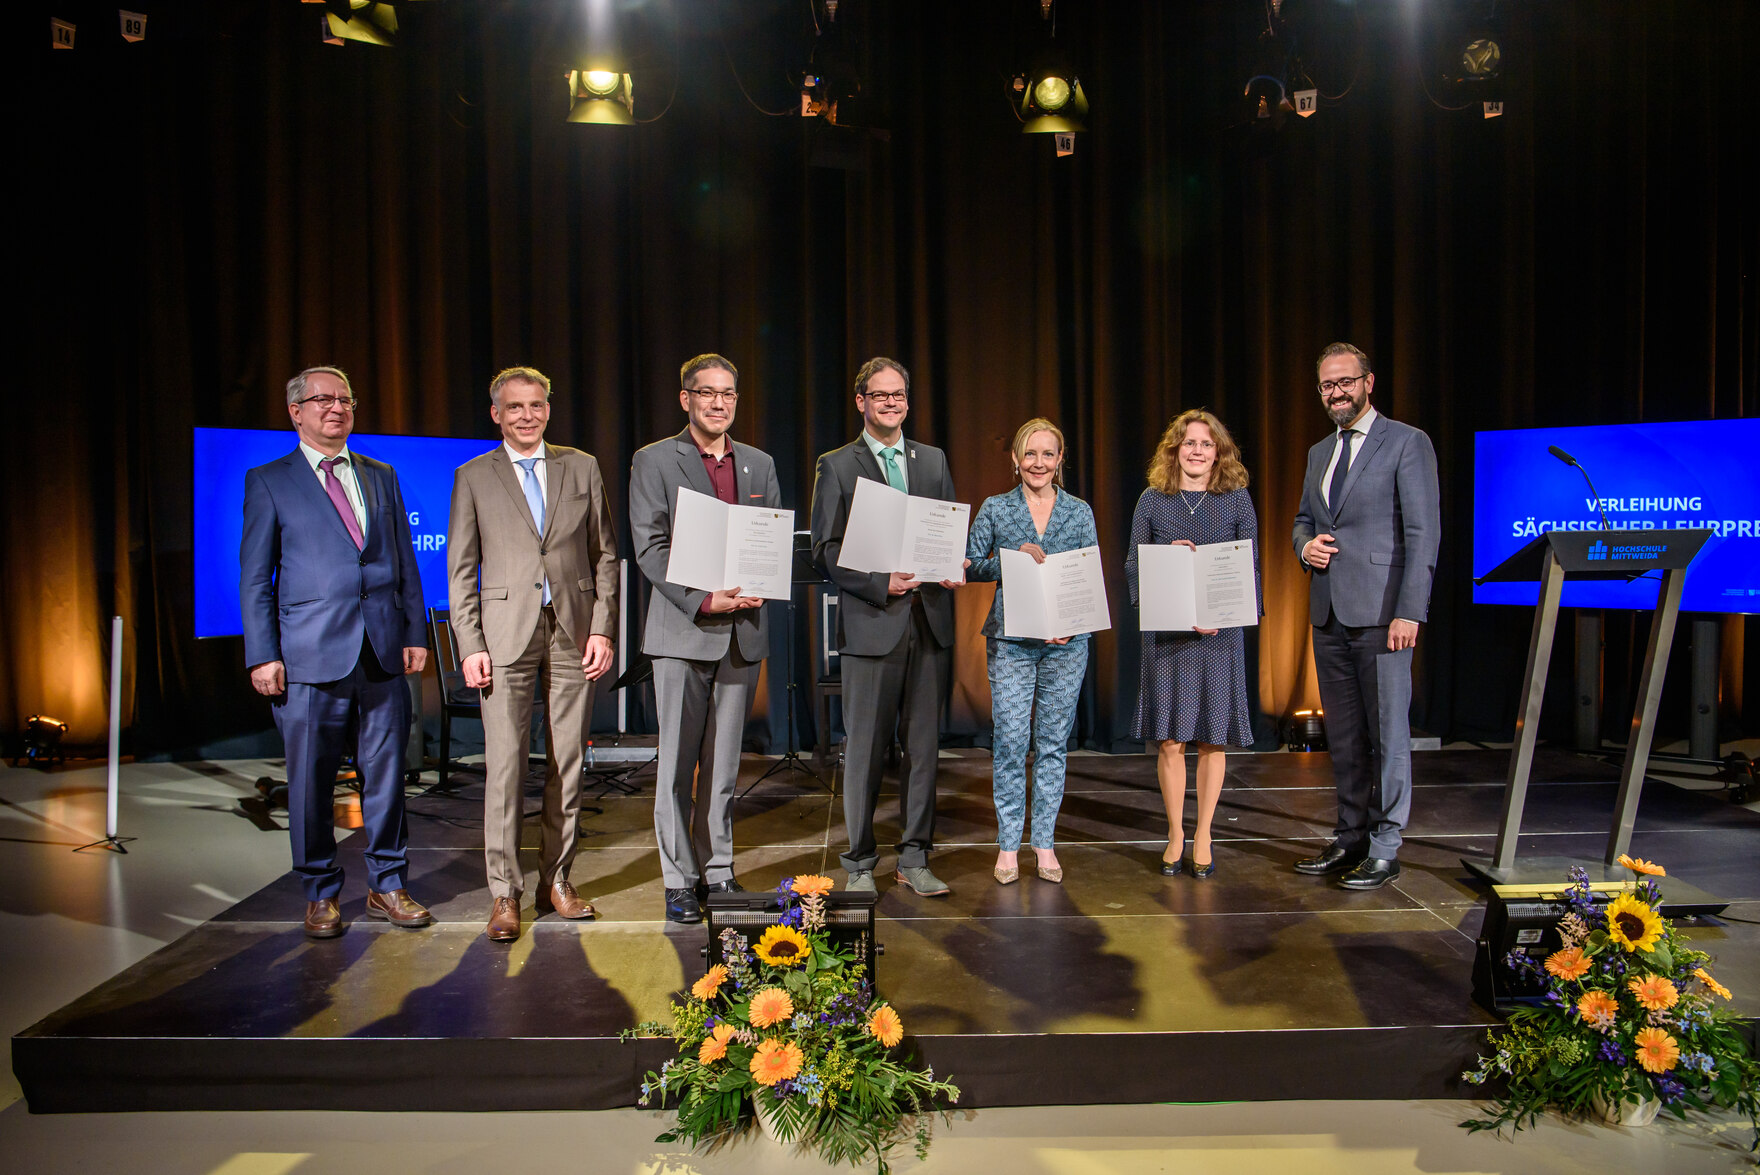 Gäste bei der Verleihung des Sächsischen Lehrpreises am 3. Juni 2020
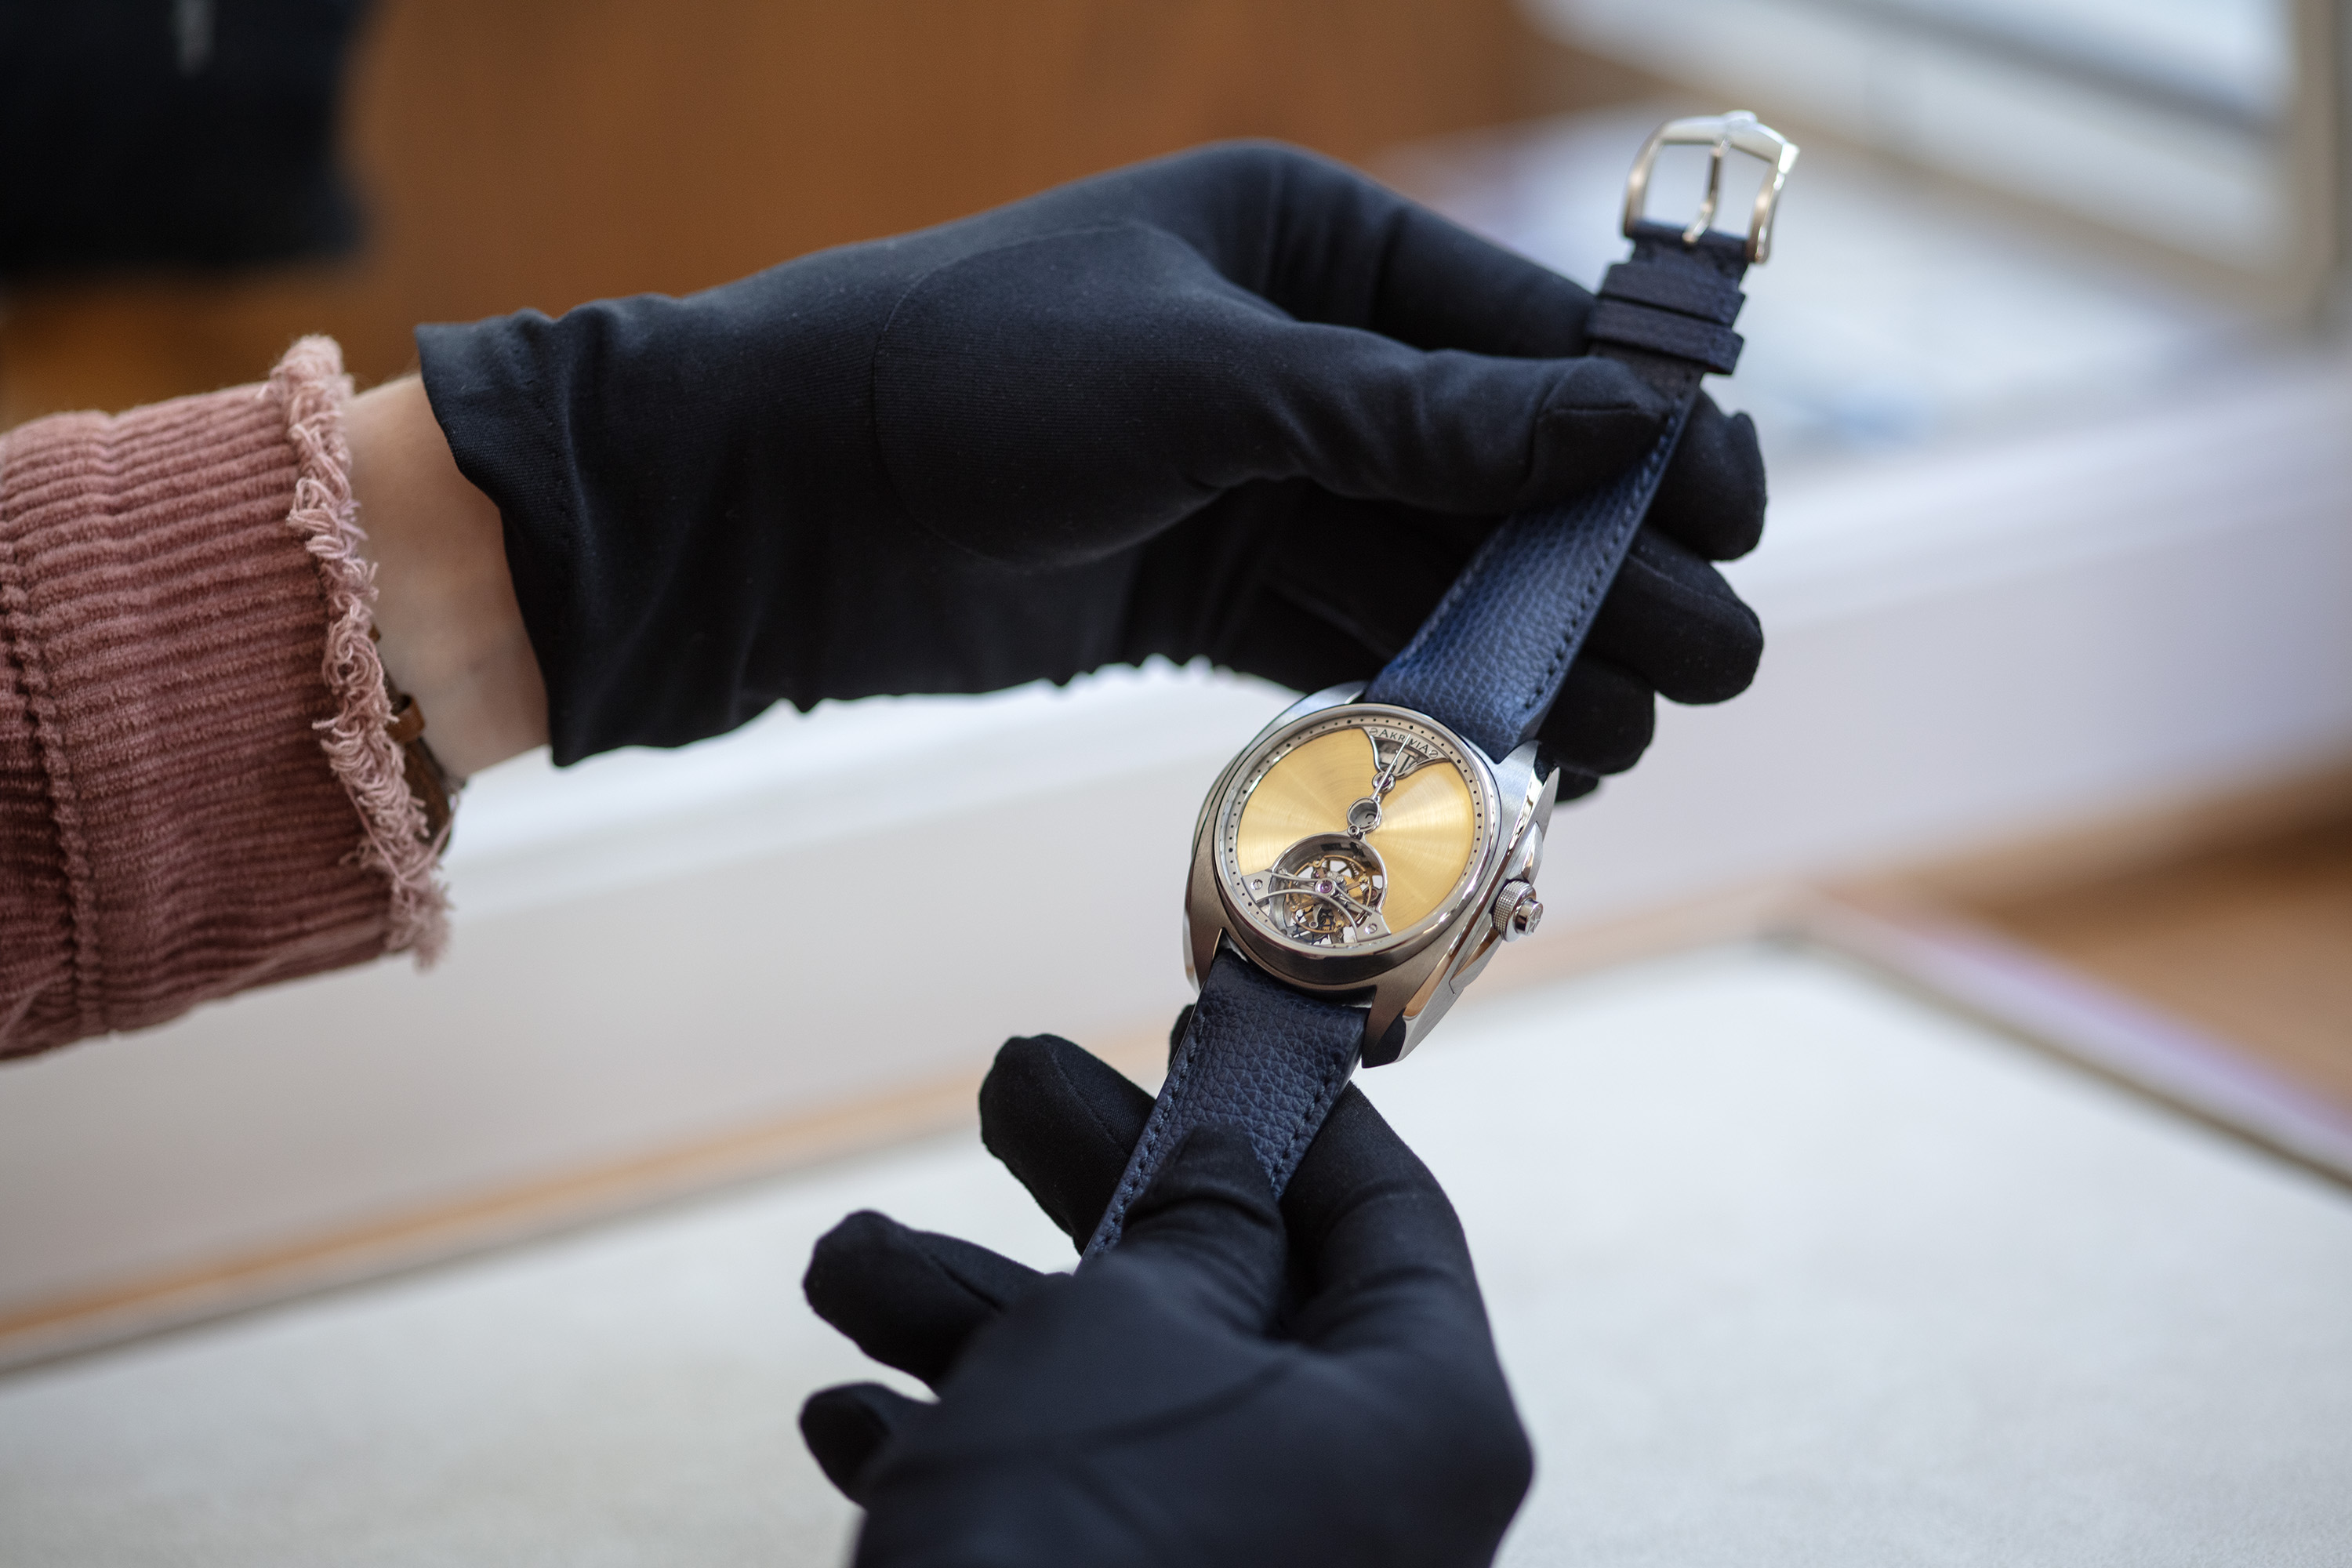 2018年，Rexhep Rexhepi制作的首款“当代天文台表”(Chronomètre contemporain)荣获日内瓦制表大奖赛男士腕表奖。
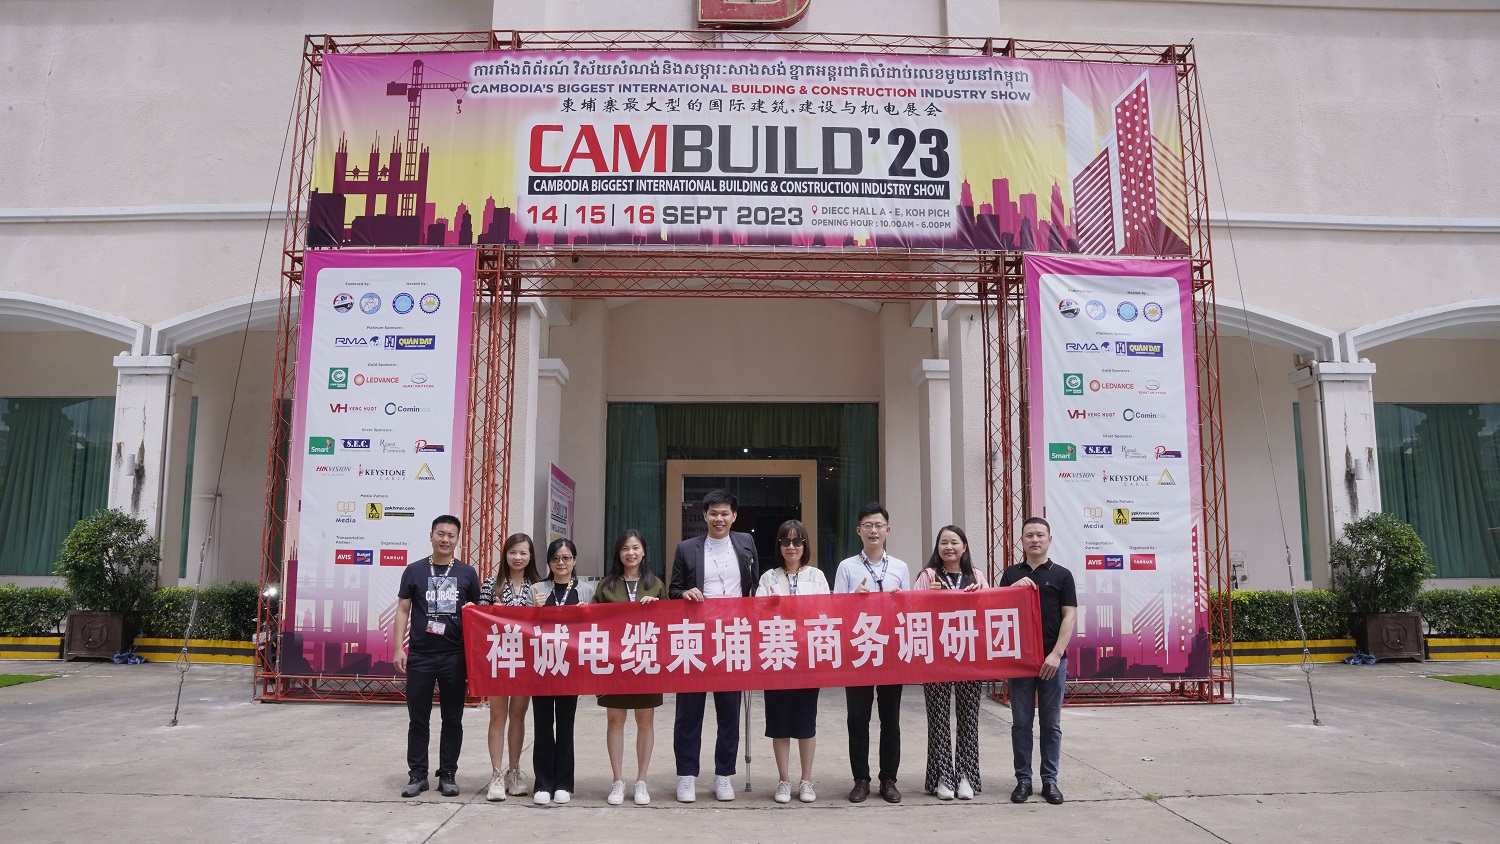 丝瓜sigua55com公司亮相柬埔寨国际建筑建材展览会——CAMBUILD 2023！

##########

Set down the material above exactly as it reads, but not its pictures.

 Gäste bei der Verleihung des Sächsischen Lehrpreises am 3. Juni 2020
 2018年，Rexhep Rexhepi制作的首款“当代天文台表”(Chronomètre contemporain)荣获日内瓦制表大奖赛男士腕表奖。
 丝瓜sigua55com公司亮相柬埔寨国际建筑建材展览会——CAMBUILD 2023！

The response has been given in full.